* _WHAT THE EXERCISE ASKS_: From the first line to the last, please reproduce the material exactly, skipping the pictures.

* _DATA PROVIDED_:
--- START ---
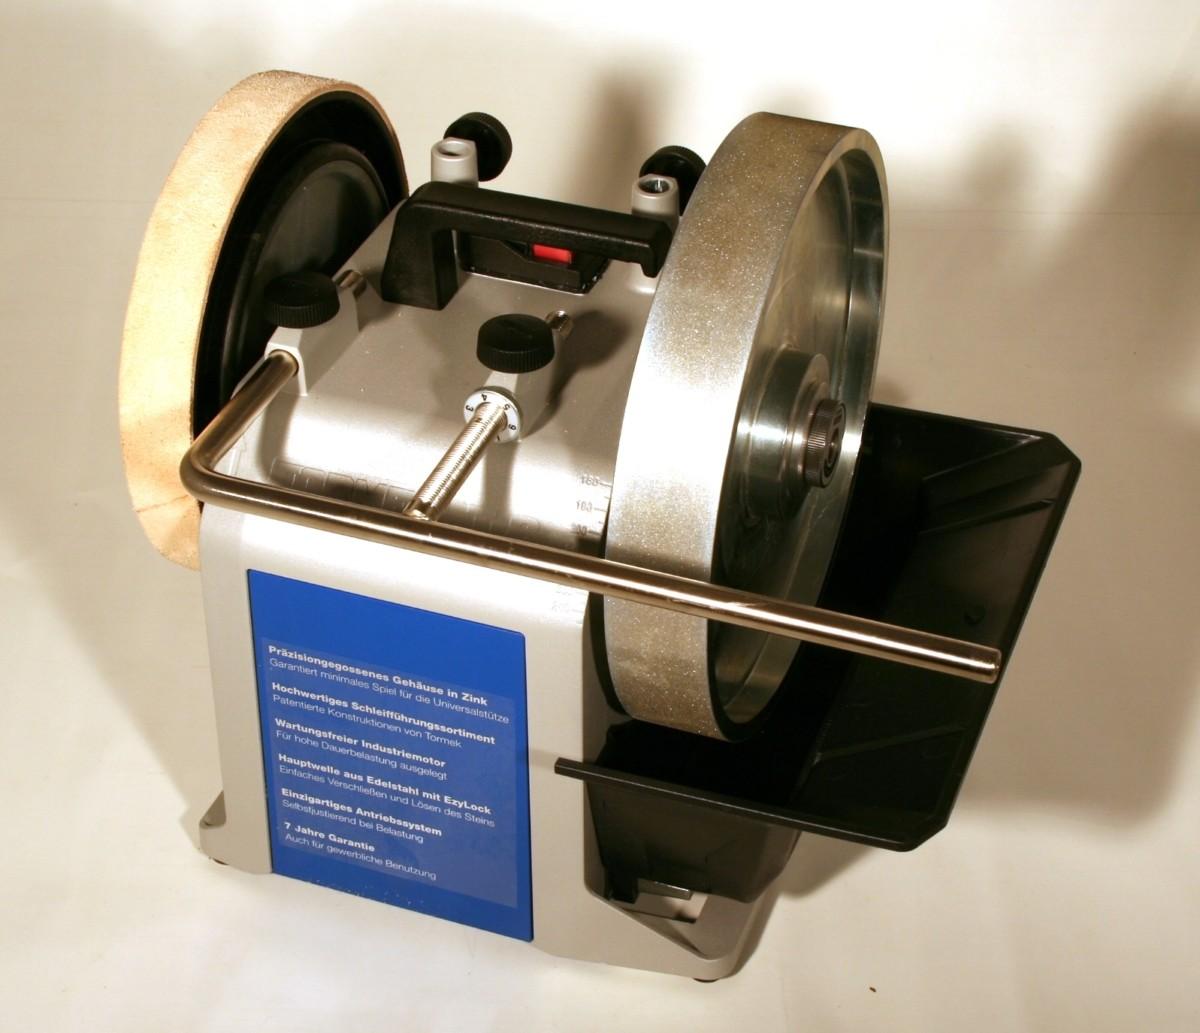 Super Tormek T8 With Cbn Wheel Camellatalisay Diy Chair Ideas Camellatalisaycom
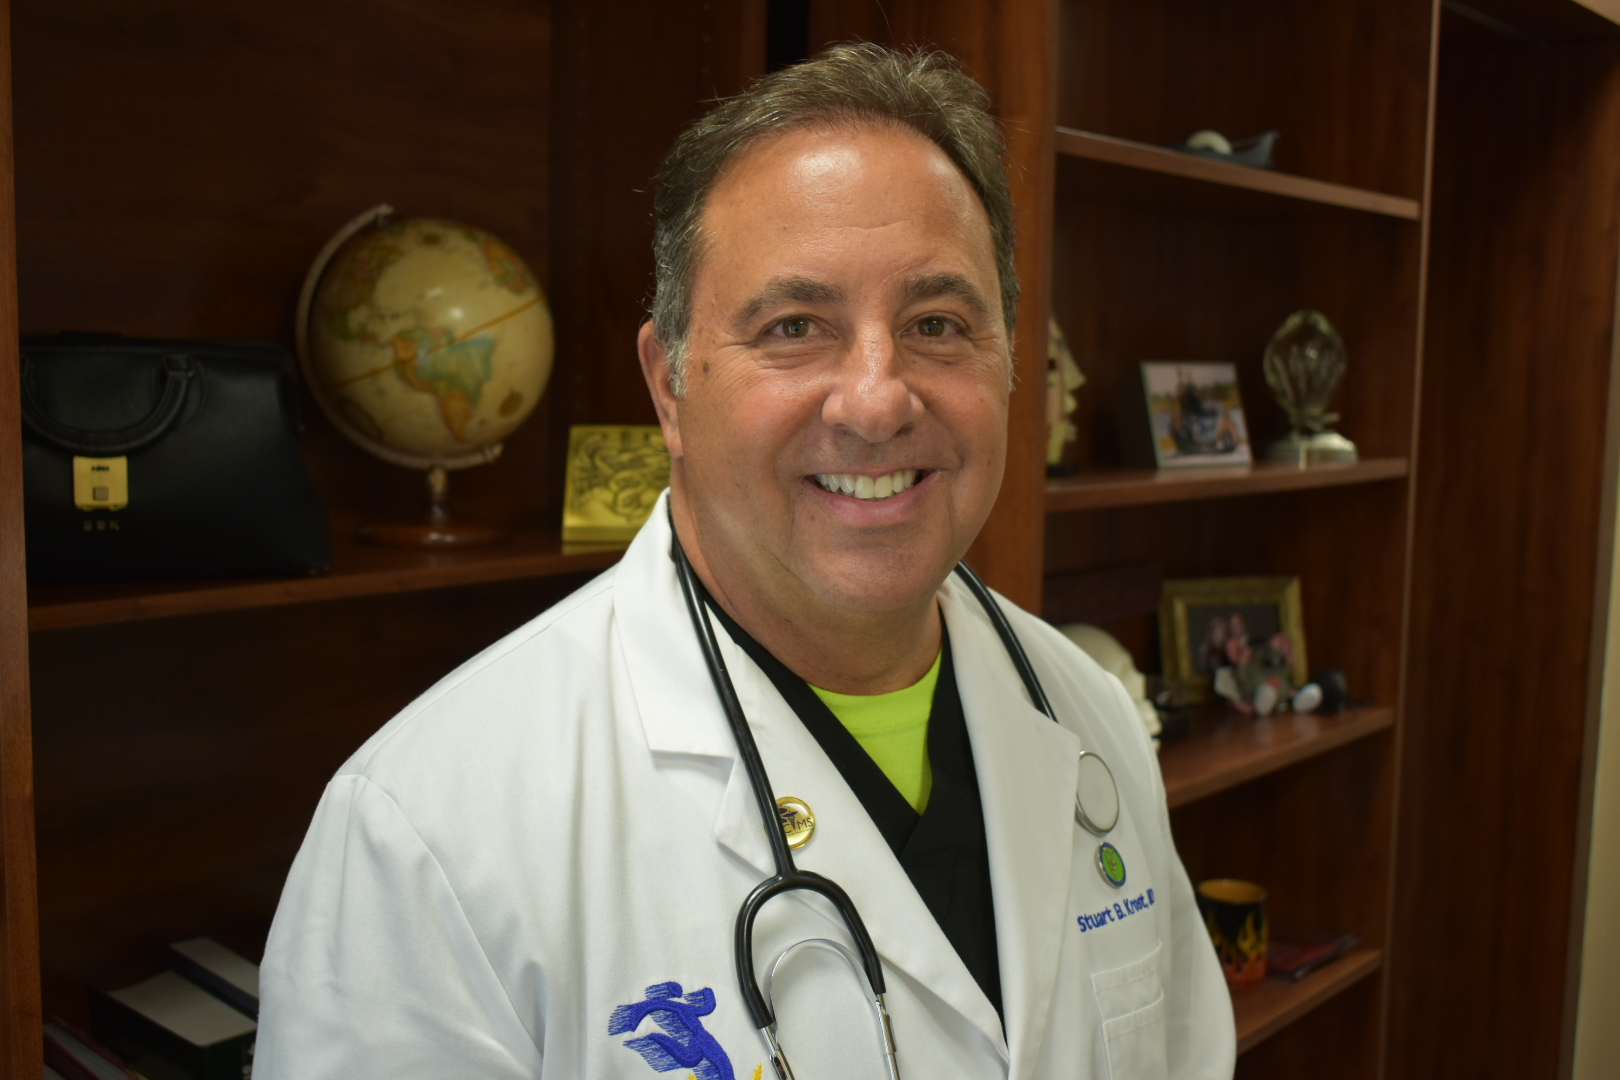 dr.krost
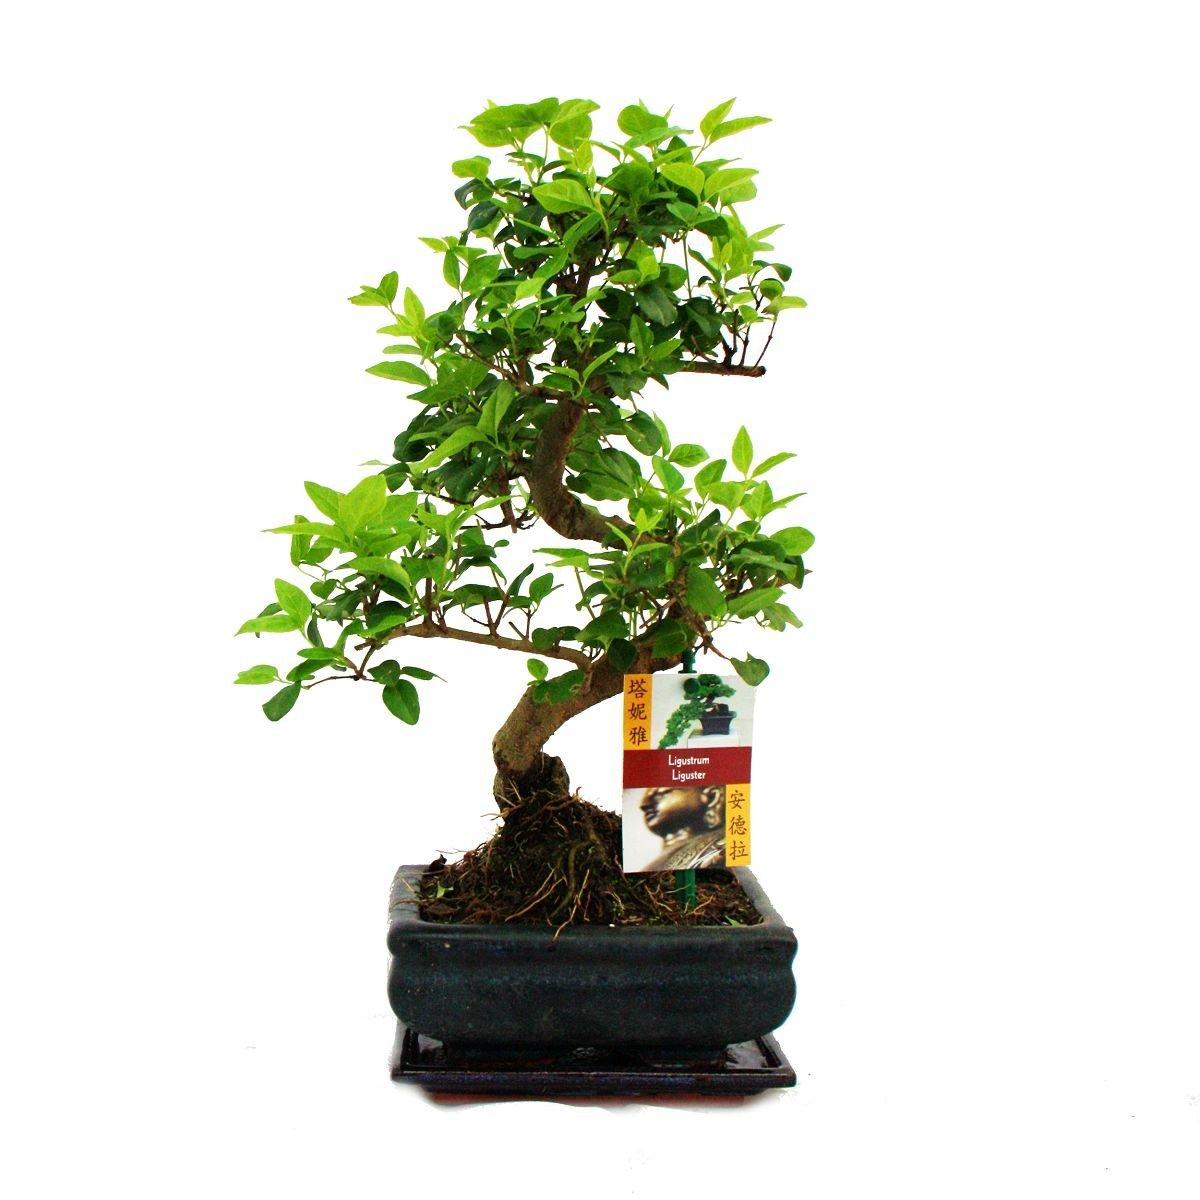 liguster bonsai baum bonsai baum. Black Bedroom Furniture Sets. Home Design Ideas
--- END ---
* _SOLUTION TO THIS EXERCISE_:
 Super Tormek T8 With Cbn Wheel Camellatalisay Diy Chair Ideas Camellatalisaycom
 dr.krost
 liguster bonsai baum bonsai baum. Black Bedroom Furniture Sets. Home Design Ideas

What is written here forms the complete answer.